Not sizing p to the fallback cost budget. A 1 % false-positive rate might be fine for a disk-cache filter (40 extra disk seeks per 4000 queries) but disastrous for a fraud-detection filter (400 false-fraud review flags per 40,000 transactions).
Conflating error mode with error magnitude. A structure with higher precision but symmetric error isn't strictly better than one with lower precision but asymmetric error aligned with cost.

Seen in¶

sources/2026-04-21-vercel-how-we-made-global-routing-faster-with-bloom-filters — Canonical wiki introduction. Vercel's routing-service Bloom-filter substitution makes the asymmetry verbatim: false negative = "return 404 for valid pages" (unbounded damage), false positive = "extra storage request to find the file doesn't exist" (bounded, ~one storage roundtrip).

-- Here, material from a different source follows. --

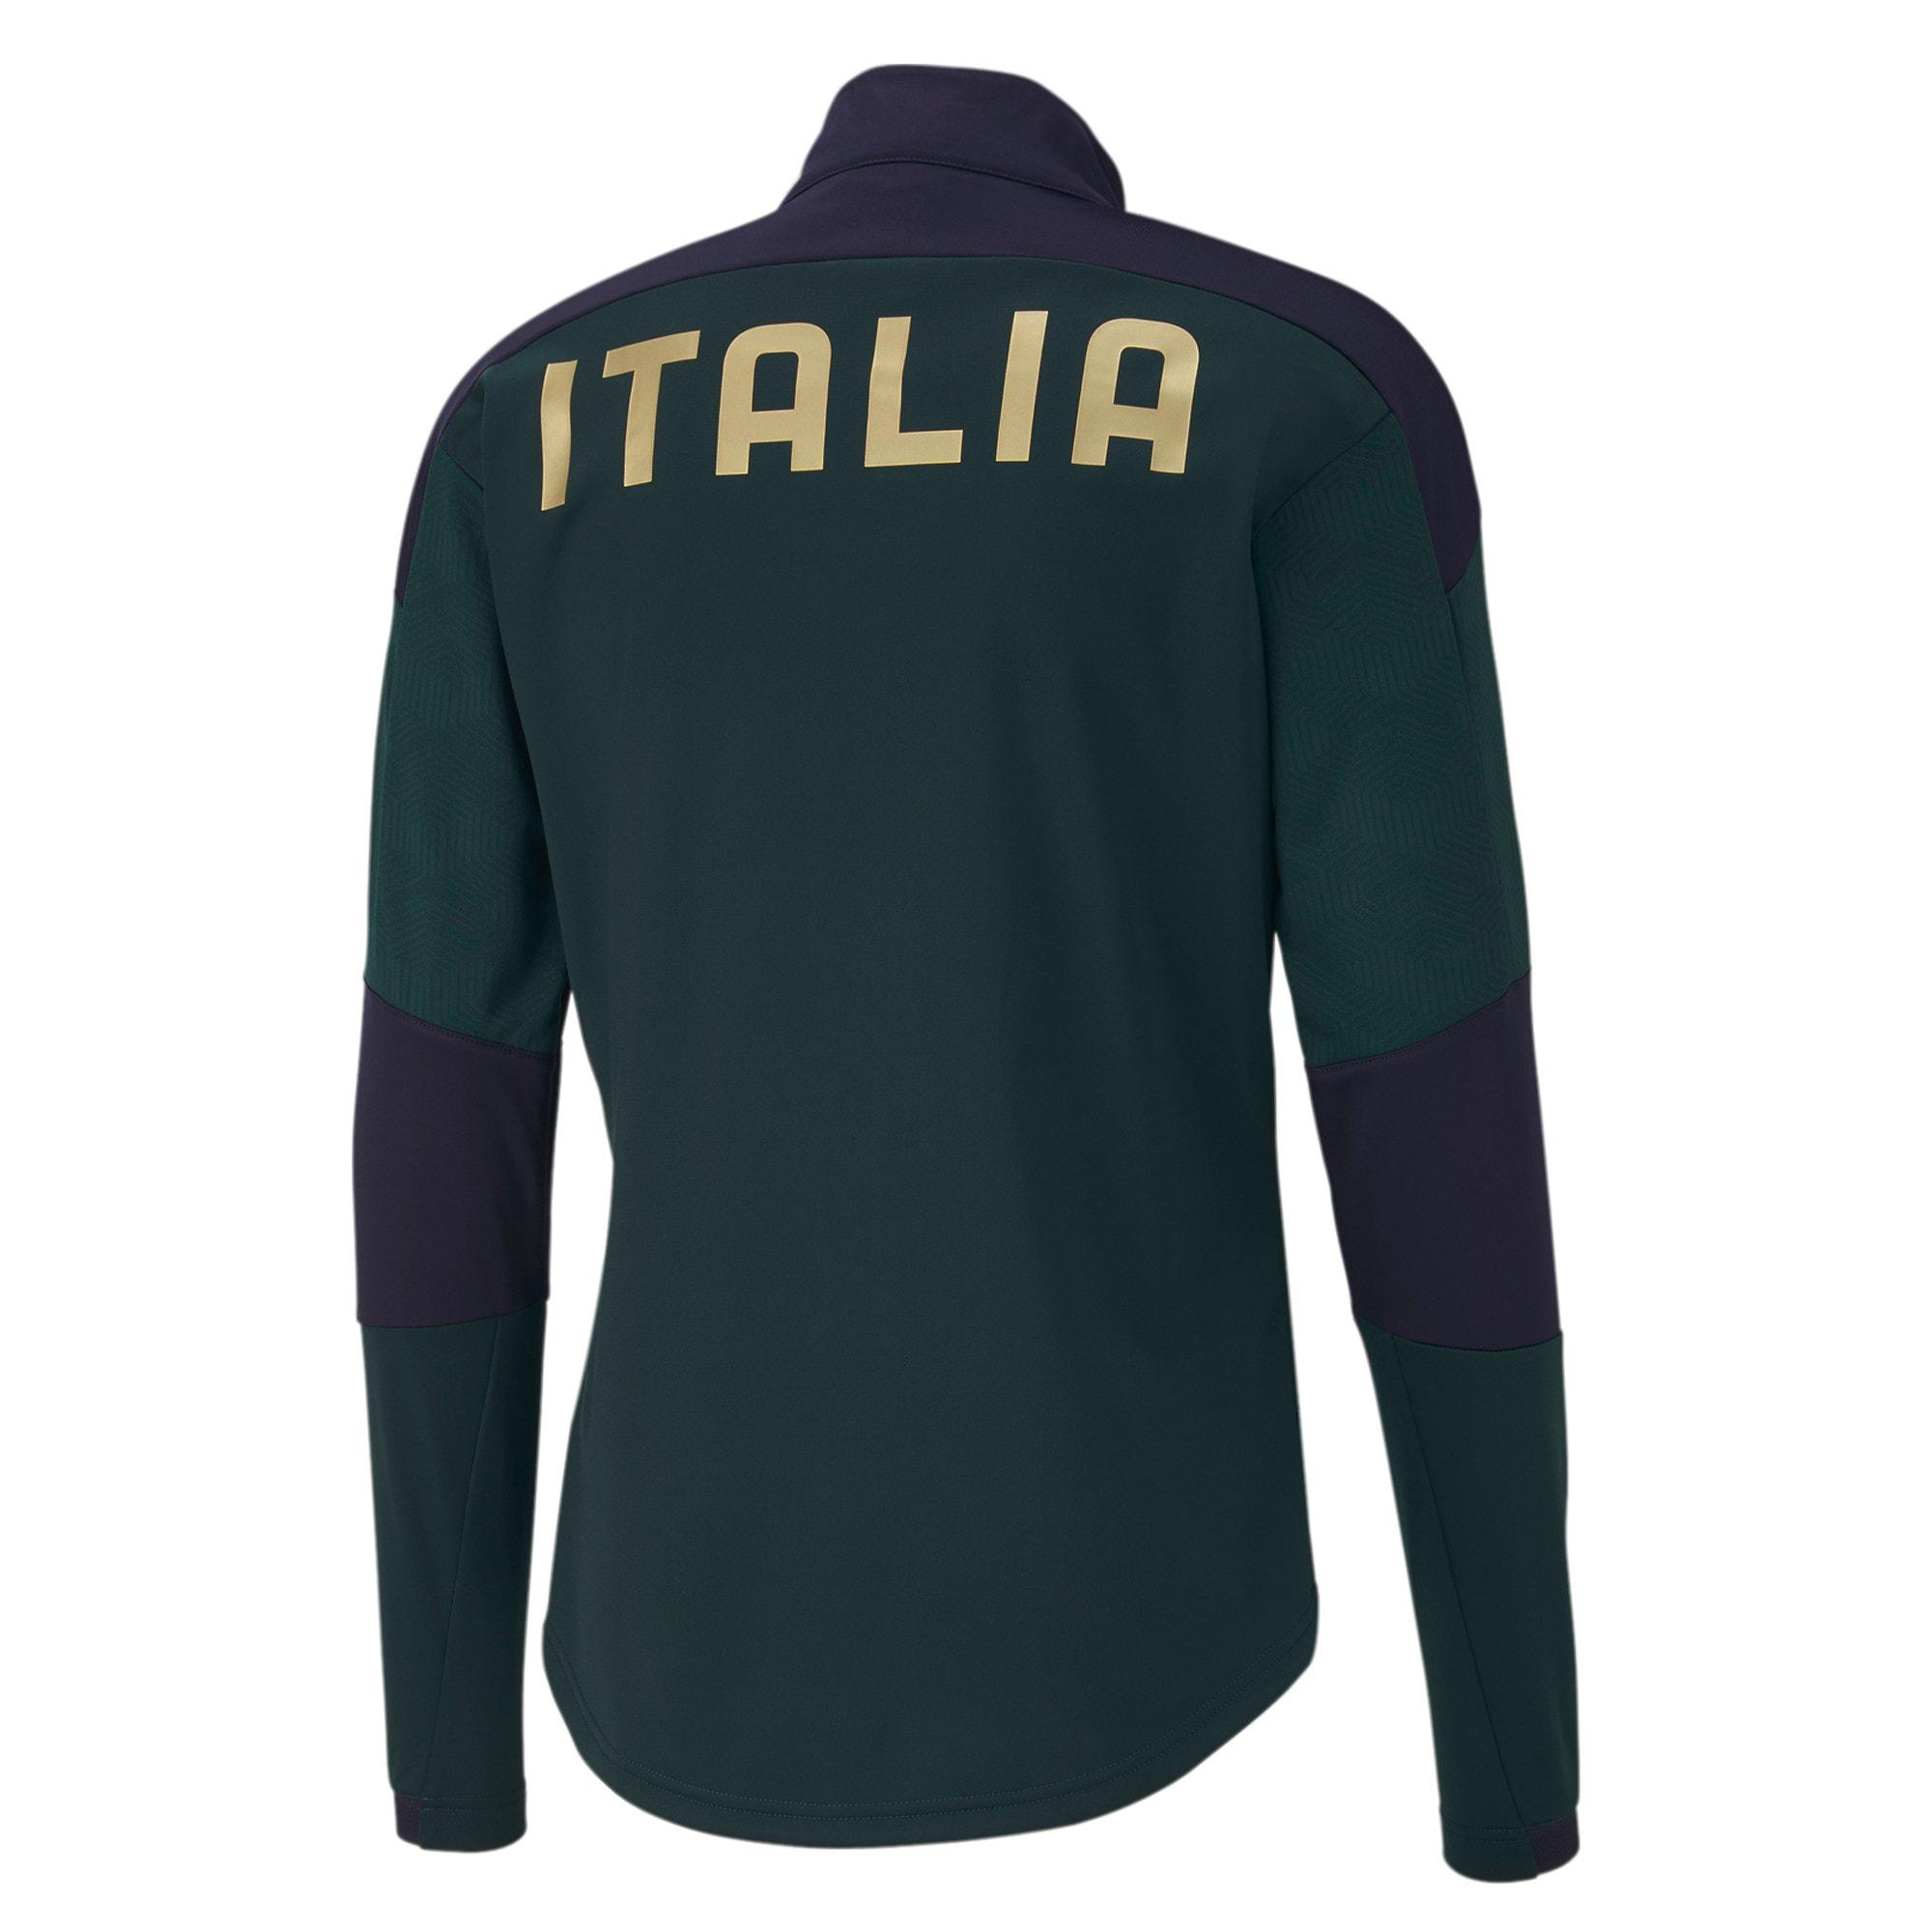 Thumbnail 3 of FIGC イタリア トレーニング ジャケット, Ponderosa Pine-Peacoat, medium-JPN

— Asymmetry in ML feature stores. Zalando canonicalises the noise-as-cost framing: a Bloom-filter feature store's false positives flip binary historical features 0 → 1, which the downstream classifier absorbs as "noise in the input" rather than misclassification. False negatives are structurally impossible. The cost of a false positive is therefore a tunable degradation in model AUC (the benchmark shows AUC ≈ 0.7997 at 470 MB vs 0.80 uncompressed — a ~0.03-point AUC cost for a 30× space saving) rather than a per-request latency or correctness cost. Generalises the asymmetry framework beyond request-routing: noise-tolerant consumers (ML models, aggregators, trend analytics) admit probabilistic substrates with false-positive-only error modes, with the noise rate directly tunable against storage / compute budget.
concepts/bloom-filter — The canonical data structure whose error mode is false-positive-only; the Vercel case is the canonical design application.
concepts/false-positive-management — Operational companion: manage the FP rate of whichever error mode the substrate commits to.
patterns/two-stage-evaluation — Composes with this asymmetry: stage 1 is the probabilistic oracle whose cheap-direction error is tolerated; stage 2 is the authoritative fallback invoked only on "maybe".